Access and a coalition of civil society organizations and companies commended NIST for the document and provided additional comments on improvements that could be made to the framework, included the addition of a seventh principle, usability, to ensure that standards that are mathematically sound do not become unsafe due to user difficulties.

These public standards and guidelines provide a source for public oversight and accountability. However, more transparency is necessary in order to fully alleviate public concern. For example, the standards-setters should be required to provide “security proofs,” providing a basis for independent analysis and evaluation of the technical merit thereof. In addition, so long as standards-setters are required to consult with spy agencies, it is vital that those communications be public in order for independent experts to judge if and when the standards are being undermined.

Step Three: Give the gold to the people making the rules

A second coalition letter, signed by 30 companies and organizations and 5 noted technical experts, including Eleanor Saitta and Jacob Appelbaum, specifically explained that the law must empower a civilian agency to perform the information assurance functions, like those tasked to the NSA.

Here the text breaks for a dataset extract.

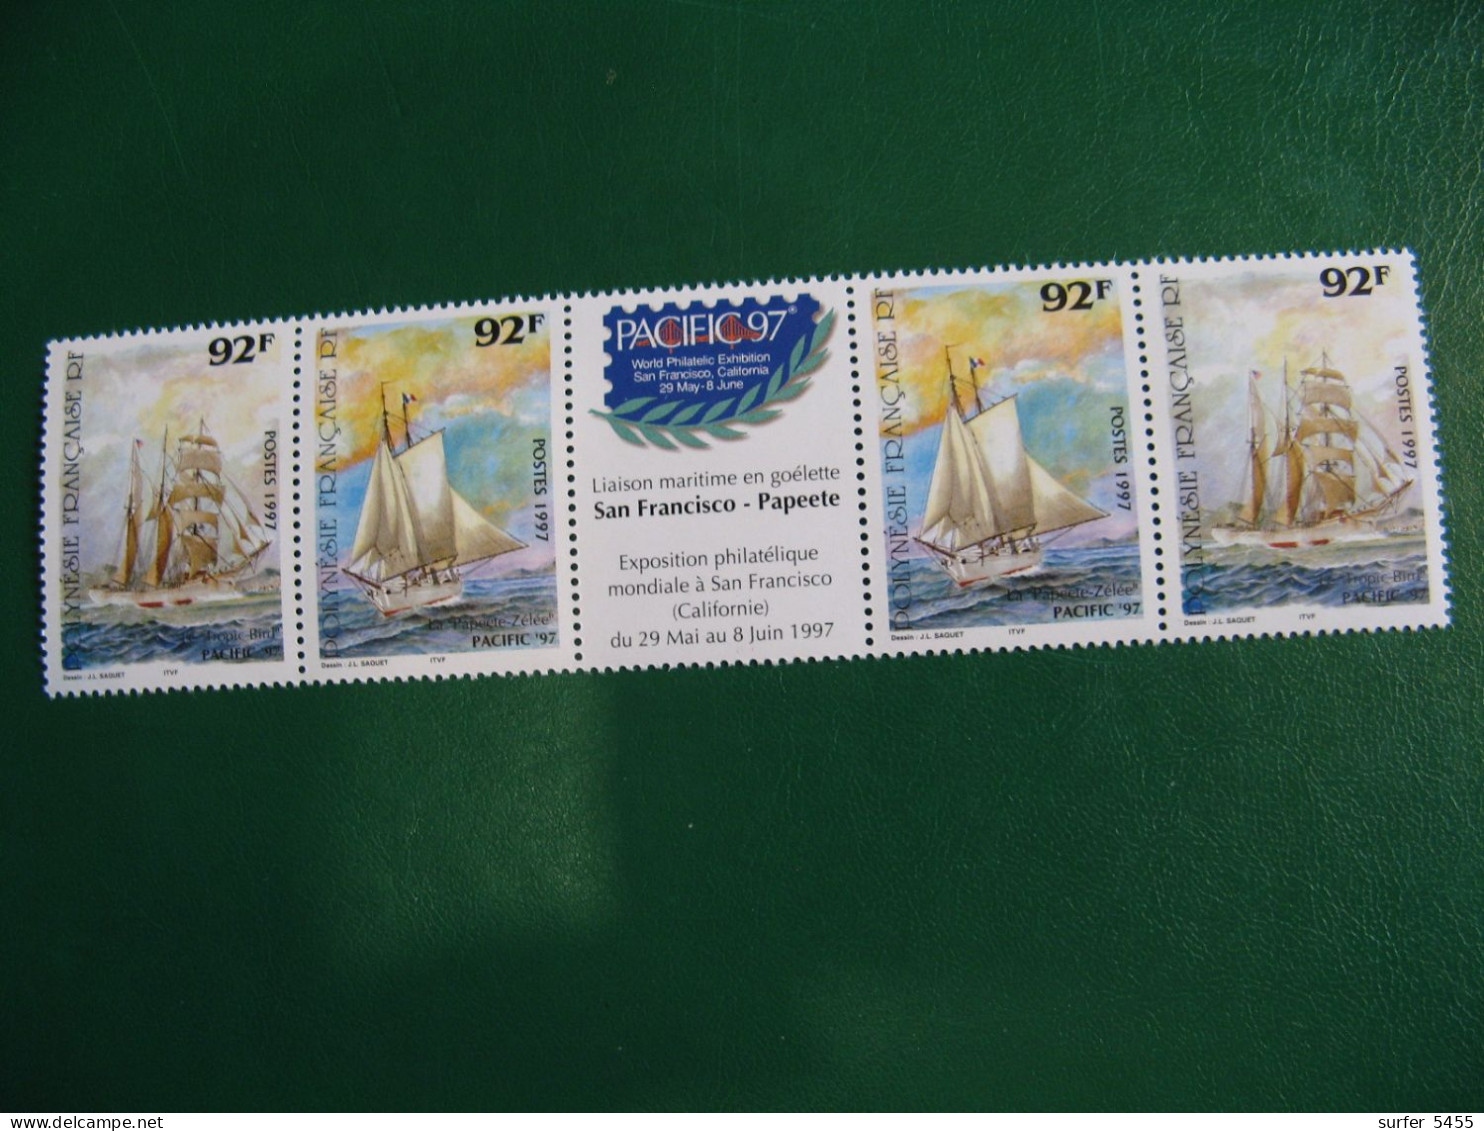 P0LYNESIE PO ORDINAIRE N° 531/532 BANDE DE 2 EX TIMBRES NEUFS ** LUXE - MNH - SERIES COMPLETES - COTE 10,80 EUROS - Unused Stamps
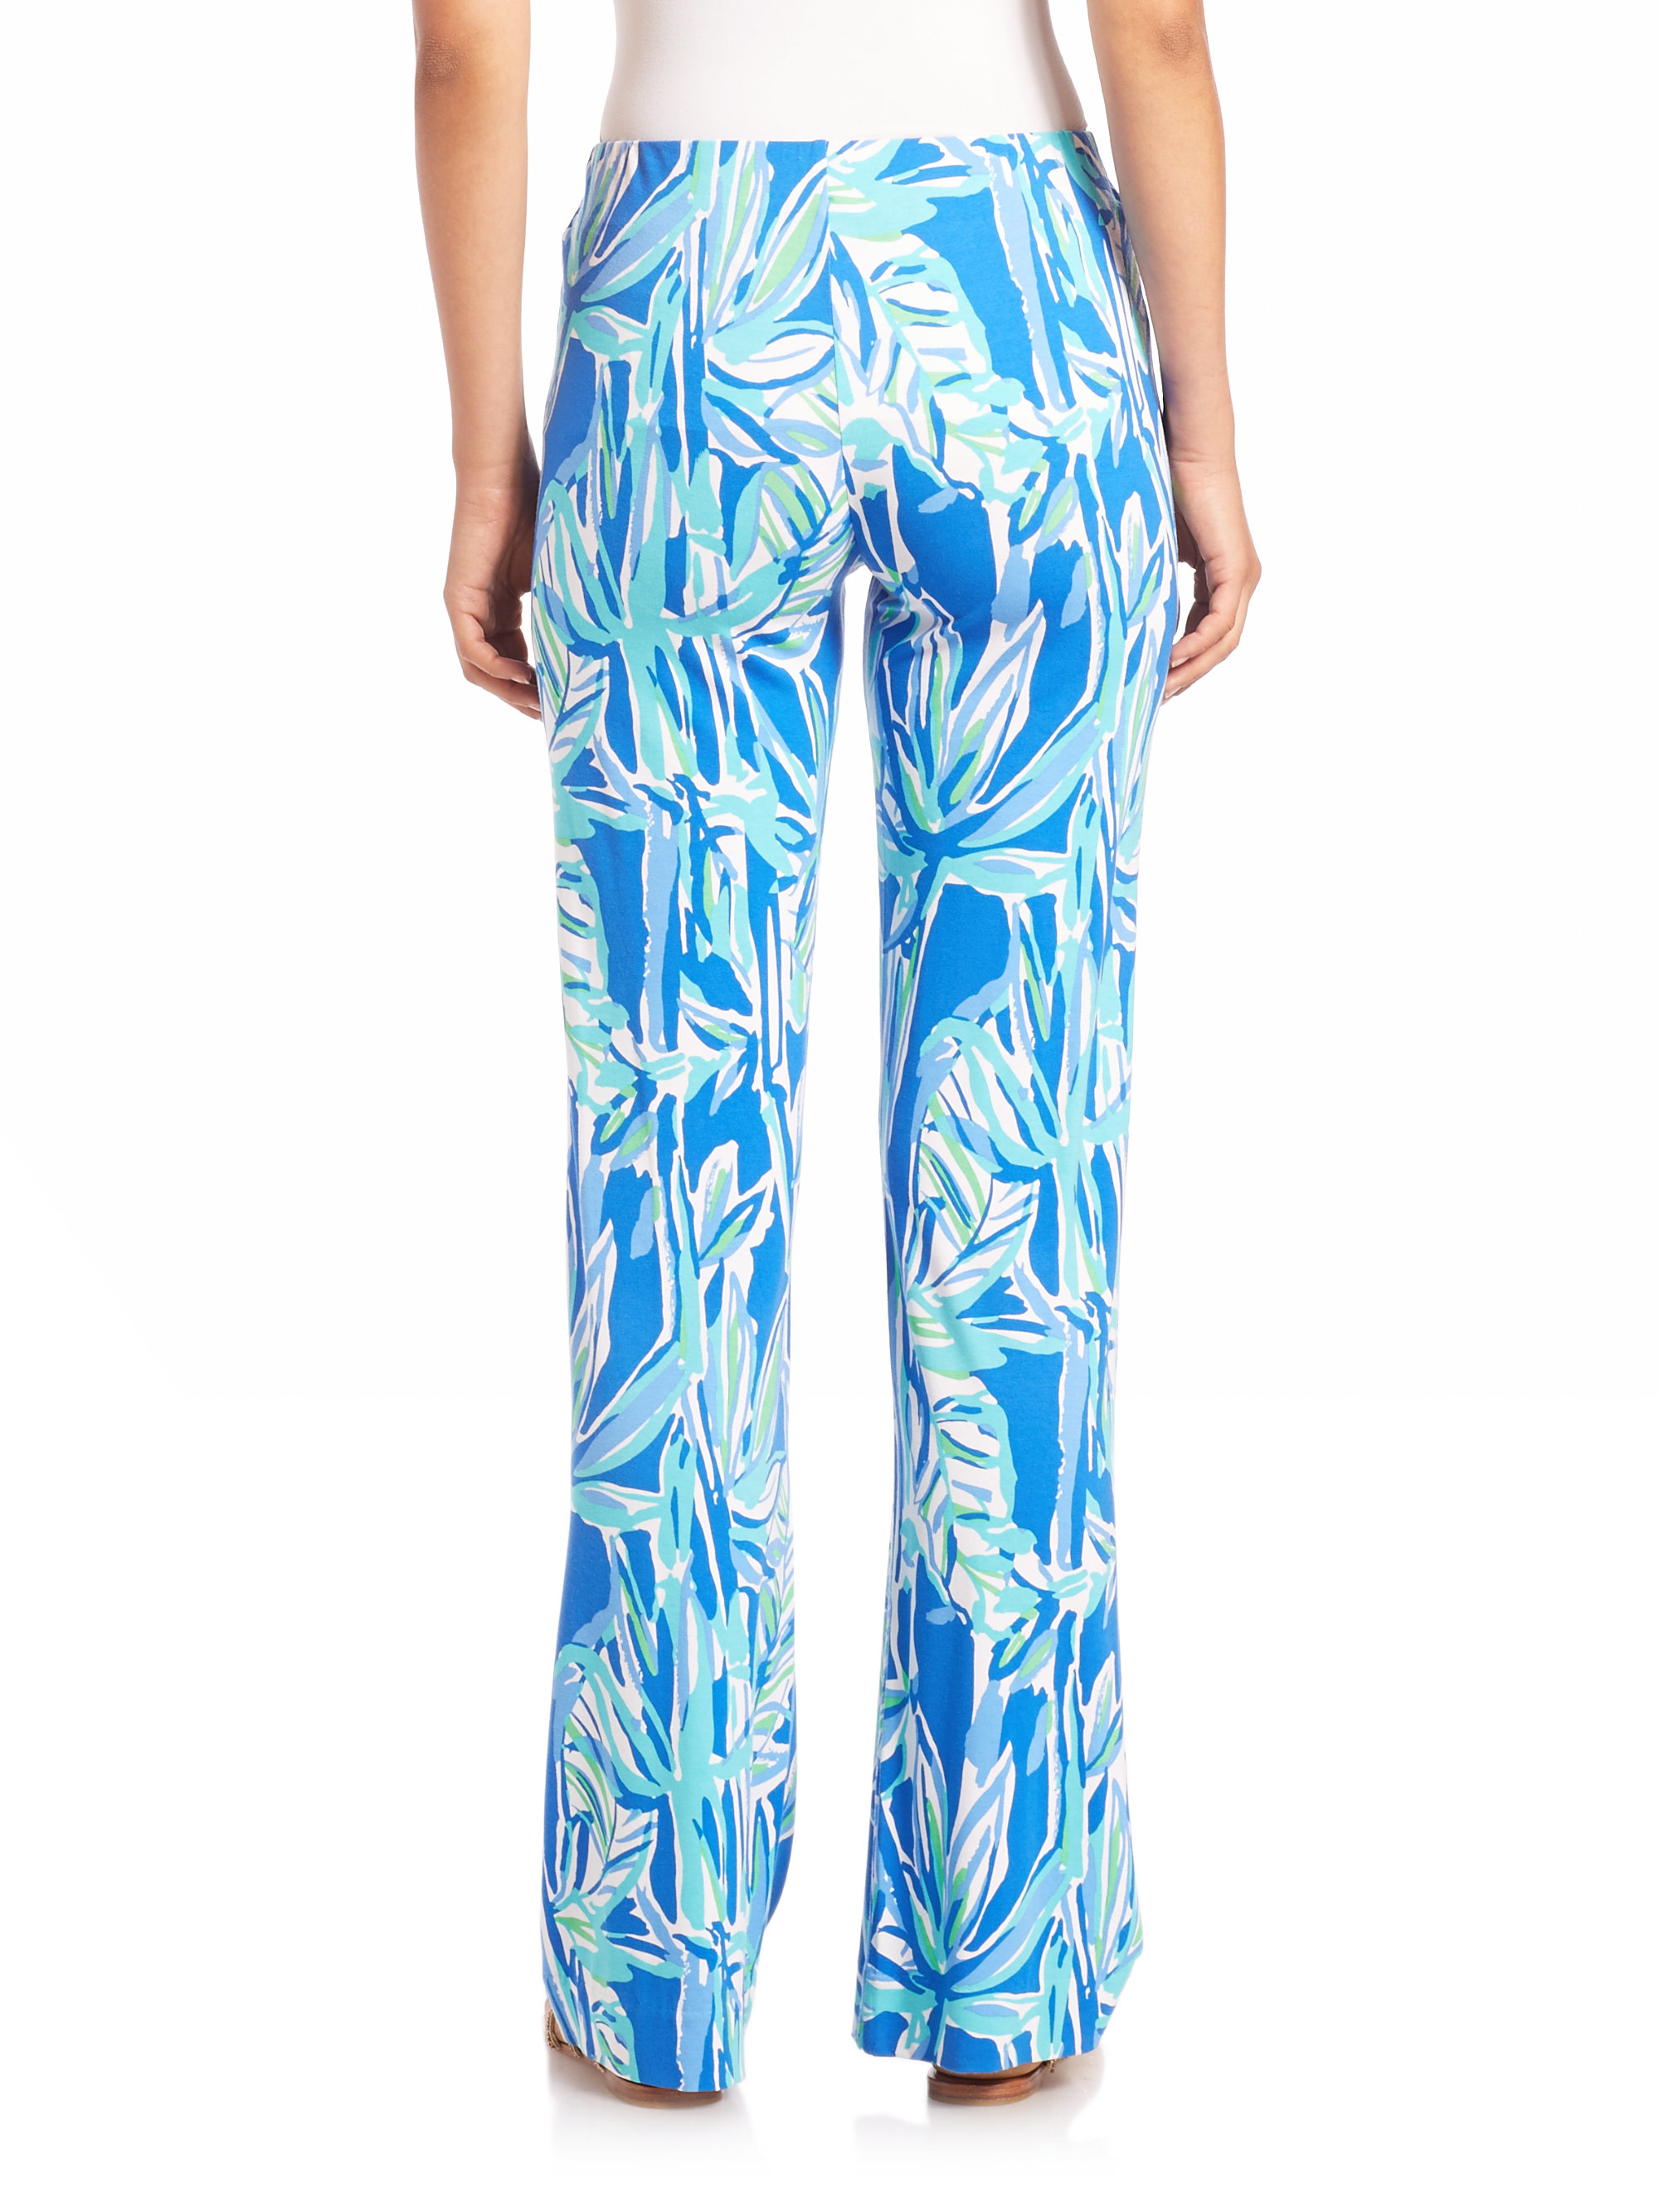 Lyst - Lilly Pulitzer Georgia May Palazzo Pants in Blue

Any country that works on information assurance should empower such an agency, independent from any other agency that serves any surveillance function. The new agency should receive its own, adequate funding and resources. In addition, the agency should be empowered with sufficient technical expertise to allow it to operate independently rather than clinging to other experts like a life preserver in order to serve its established function. Without these changes, it is unlikely that users will be able to fully trust much of the internet’s infrastructure, and few can feel truly secure in the privacy of their personal transactions.

Conclusion

These steps are not going to solve all of our cryptographic problems. For example, subsequent revelations have shown that companies may have been financially incentivized to use the weakened algorithms in products or services. However, by ensuring an independent, public, and transparent process to create technical standards we will have taken a huge step toward compliance with the Integrity Principle. The future of privacy on the internet depends on a strong core digital integrity that allows us to communicate and transact business in private.